During the year ended December 31, 2020, the Company received advances from a second former member of the Board of Directors (the “Board Lender”) in the aggregate amount of $450,000. On June 29, 2020, the Company executed a promissory note (the “Board Note”) in the favor of the Board Lender in the principal amount of $450,000 (the “Board Note Principal”), pursuant to which the Board Note Principal accrued simple interest at the rate of 5% per annum, and was convertible into shares of the Company's Common Stock at $0.16 per share of Common Stock at the election of the Board Lender. The Board Note was to mature on the earlier to occur of (i) October 13, 2020, or (ii) on such date that the Company consummates a debt and/or equity financing resulting in net proceeds to the Company of at least $3,000,000.

 

Also during the year ended December 31, 2020, the Company received advances from a third former member of the Board of Directors (the “Second Board Lender”) in the aggregate amount of $100,000. On June 29, 2020, the Company executed a promissory note (the “Second Board Note", and collectively with the Board Note, the “Board Notes”) in the principal amounts of $100,000 (the “Second Board Note Principal”), pursuant to which the Second Board Note Principal accrued simple interest at the rate of 5% per annum, and was convertible into shares of the Company’s Common Stock at $0.16 per share of Common Stock at the election of the Second Board Lender.
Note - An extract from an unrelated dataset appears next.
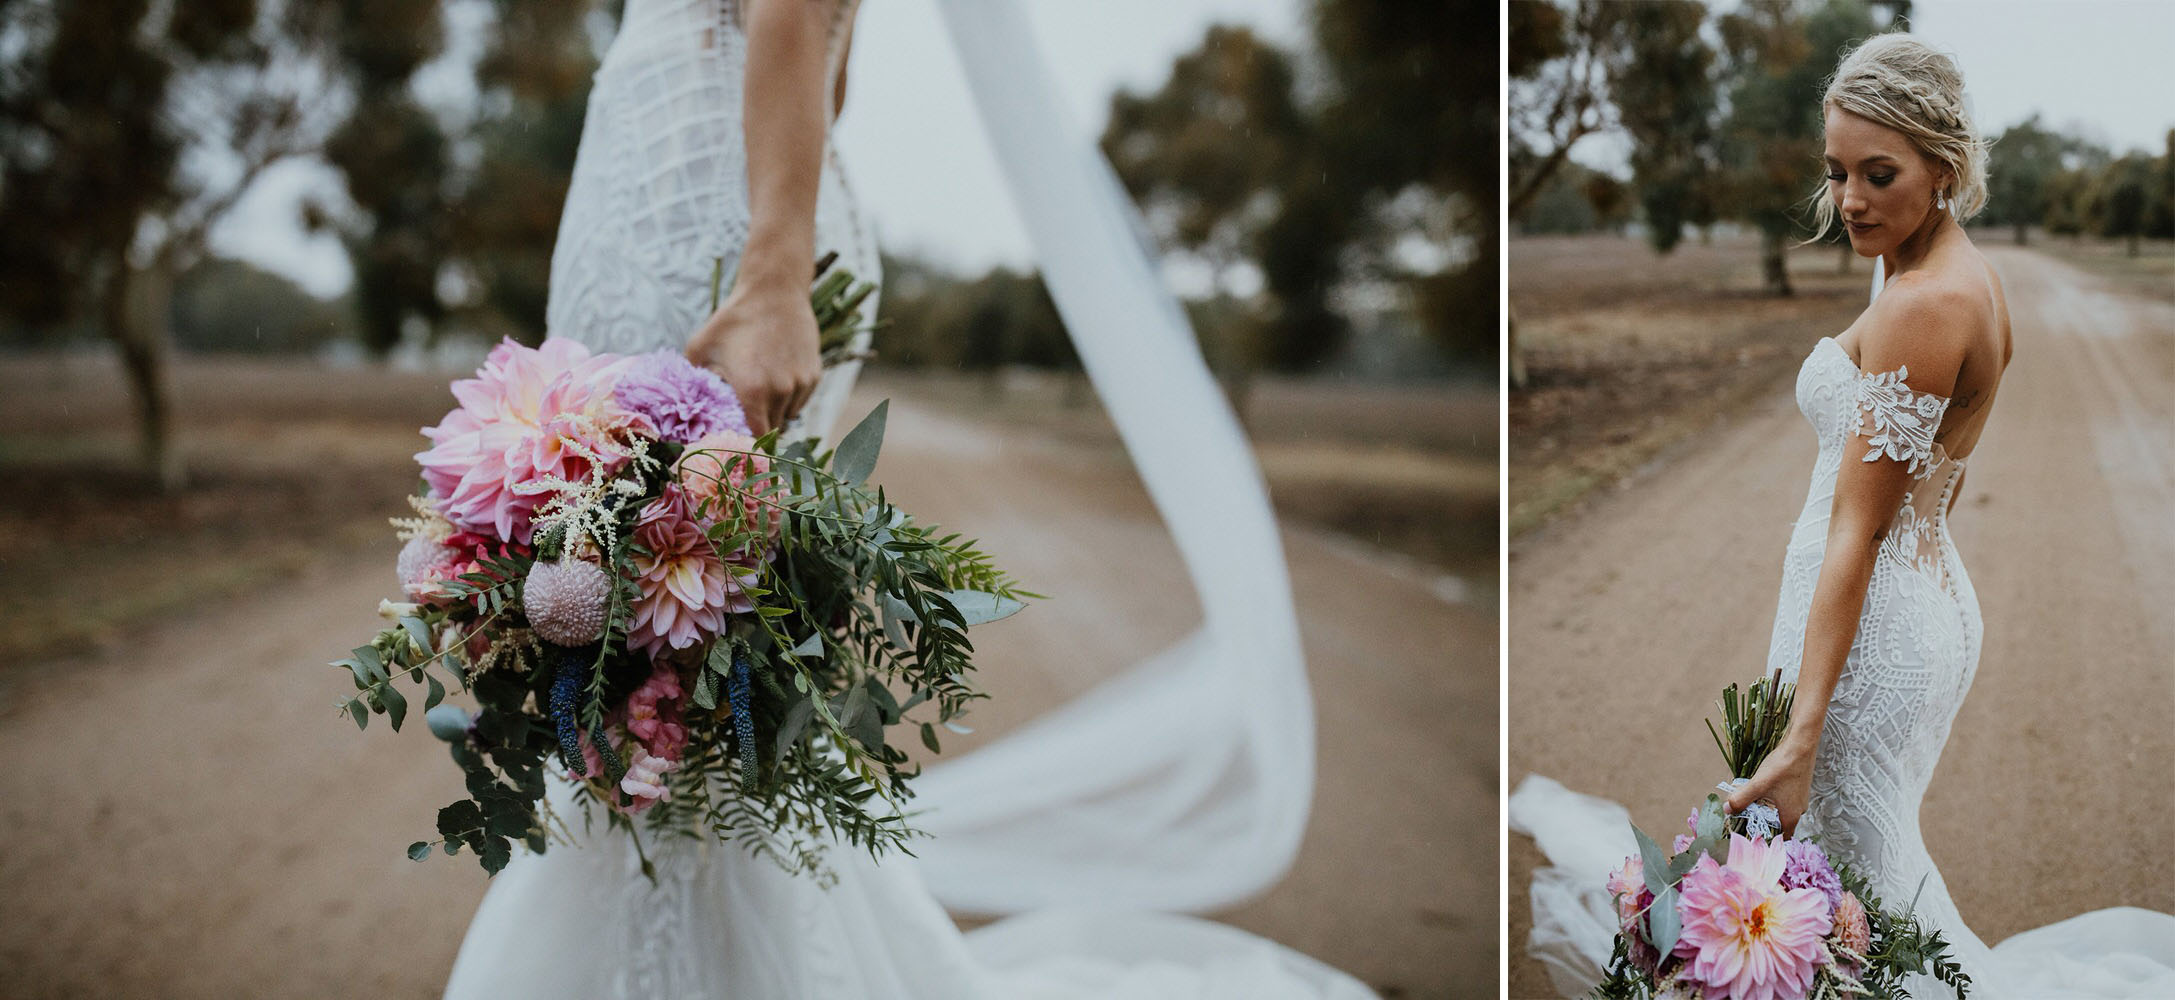 round-hill-homestead-culcairn-wedding-71.jpg

The Second Board Note was to mature on the earlier to occur of (i) October 13, 2020, or (ii) on such date that the Company consummates a debt and/or equity financing resulting in net proceeds to the Company of at least $3,000,000. 

 

On November 12, 2020, in connection with the Closing of the Series D Financing, the Board Lenders entered into (i) Debt Exchange Agreements (collectively, the “Debt Exchange Agreements”), and (ii) Satisfaction and Release Agreements (collectively, the “Release Agreements”), for the purpose of satisfying certain obligations of the Company arising under (i) the Board Note, and (ii) the Second Board Note. Pursuant to the Debt Exchange Agreements and Release Agreements: (a) one-half of the Board Note Principal plus accrued interest, totaling approximately $232,000 was converted into 231.6 shares of Series D Preferred at a rate of $1,000 per share of Series D Preferred, with the remaining one-half of the Board Note Principal plus accrued interest, totaling approximately $232,000, to be paid to the Board Lender in cash out of proceeds of the Series D Financing, in full satisfaction of the Company's obligations under the Board Note; and (b) the entire Second Board Note Principal plus accrued interest, totaling approximately $103,000, was converted into 102.8 shares of Series D Preferred at a rate of $1,000 per share of Series D Preferred, in full satisfaction of the Company's obligations under the Second Board Note.

 

Professional Services Agreement

 

During the year ended December 31, 2020, the Company entered into professional services agreement with a firm affiliated with a member of the Company’s Board at the time the parties entered into the agreement. The Company made no payments pursuant to this agreement during the twelve months ended December 31, 2020 and has made approximately $34,000 during 2021. The Company has the right to terminate the agreement on thirty days written notice at any time.